Gold's 1-hour K-line shows that gold has bottomed out and rebounded, recovering the losses of last Friday, and is currently close to the upper track of the Bollinger Band. Technical indicators show that there is an obvious bottoming signal below, and there is still room for growth. However, before effectively breaking through $3,280, it is difficult for gold to form a unilateral upward trend. Therefore, this week's operation is considered to be divided into two stages: below $3,280, it is treated as a volatile upward trend, and after breaking through, it will turn into a unilateral upward trend. For gold's short-term operation strategy today, it is recommended to focus on low-level longs and rebound high-level shorts. The short-term focus on the upper resistance of 3250-3260 is 3250-3260, and the short-term focus on the lower support of 3115-3105 is 3115-3105.
Operation strategy:
1. Gold is recommended to go long in the 3220-3215 area, with a stop loss at 3207 and a target of 3230-3240
2. Gold is recommended to go short in the 3250-3255 area, with a stop loss at 3263 and a target of 3235-3225
Gold's V-shaped reversal restarts its upward trend!Technical analysis of gold: Gold has a perfect V-shaped reversal today. It opened at 3177 and fell unilaterally in the Asian session. After touching 3120, it rose slowly. As of the time of writing, it has completely recovered its decline and is currently trading around 3220. I have analyzed the European session. After the gold price broke through the extreme drop of 3200, it needs to be repaired, but it has taken another rebound correction. The analysis also gave attention to 3198 to 3202 to continue to be bearish. With the slow rise and break, the bearish view is invalid. Now make a new analysis.
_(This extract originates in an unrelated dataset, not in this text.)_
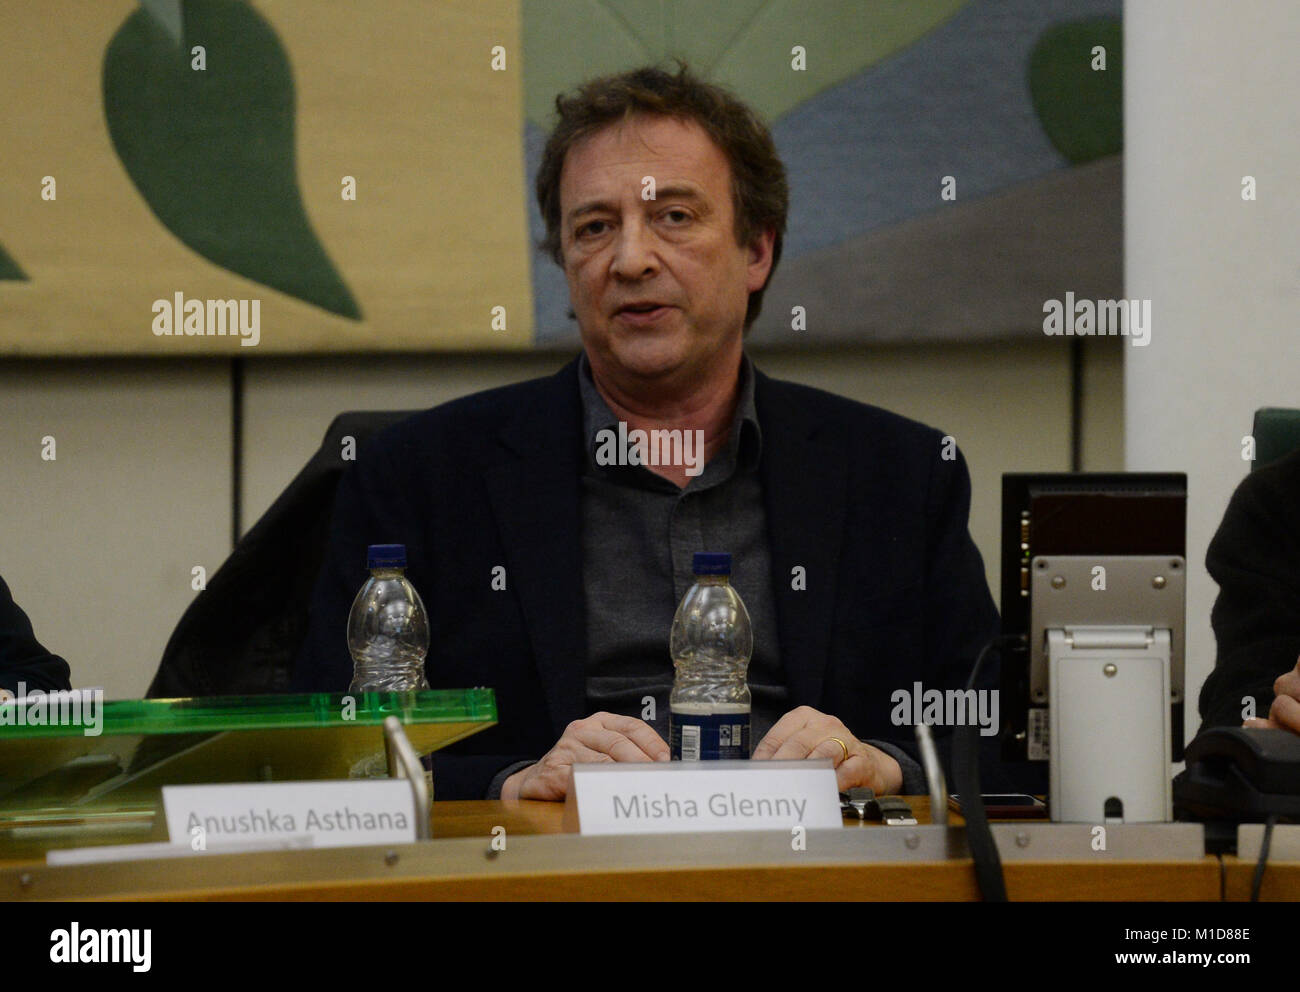 McMafia author Misha Glenny at an event held by anti-corruption NGO Global Witness at Portcullis House in Westminster, London, where new data analysis was launched detailing the number of anonymously owned properties in the UK. Stock Photo

From a technical point of view, gold is now back above 3200, and the daily line is a big positive. It is undoubtedly absolutely strong. The key point is the gains and losses of 3200. If the retracement does not exceed 3200, then gold is extremely strong. On Friday, we will continue to see the daily line closing positive rise, but if the retracement is below 3200, the daily line cycle may close again, and there will be a continuous rebound to 3235 and 3260. Therefore, the key point today is to pay attention to the gains and losses of 3200.
The performance of the 4-hour cycle may now bottom out in the medium term. After the decline and rebound, the 4-hour mid-term Bollinger opening is temporarily strong, but if the US market rebounds continuously and stands firm at 3200, there will be a continuous positive pattern at the bottom, breaking the 5-day and 10-day moving averages, then there is a great possibility that it will go to 3235. Therefore, gold in the late trading should not be inertially bearish because of the decline on Wednesday. Even if it is bearish, it is necessary to observe the gains and losses of 3200. As for trading, first pay attention to 3200 below and try to buy, and see if 3230 breaks and 3250 breaks.
On the whole, today's short-term operation of gold suggests that callbacks should be the main focus, and rebound shorts should be supplemented. The top short-term focus is on the first-line resistance of 3250-365, and the bottom short-term focus is on the first-line support of 3193-3200. All friends must keep up with the rhythm.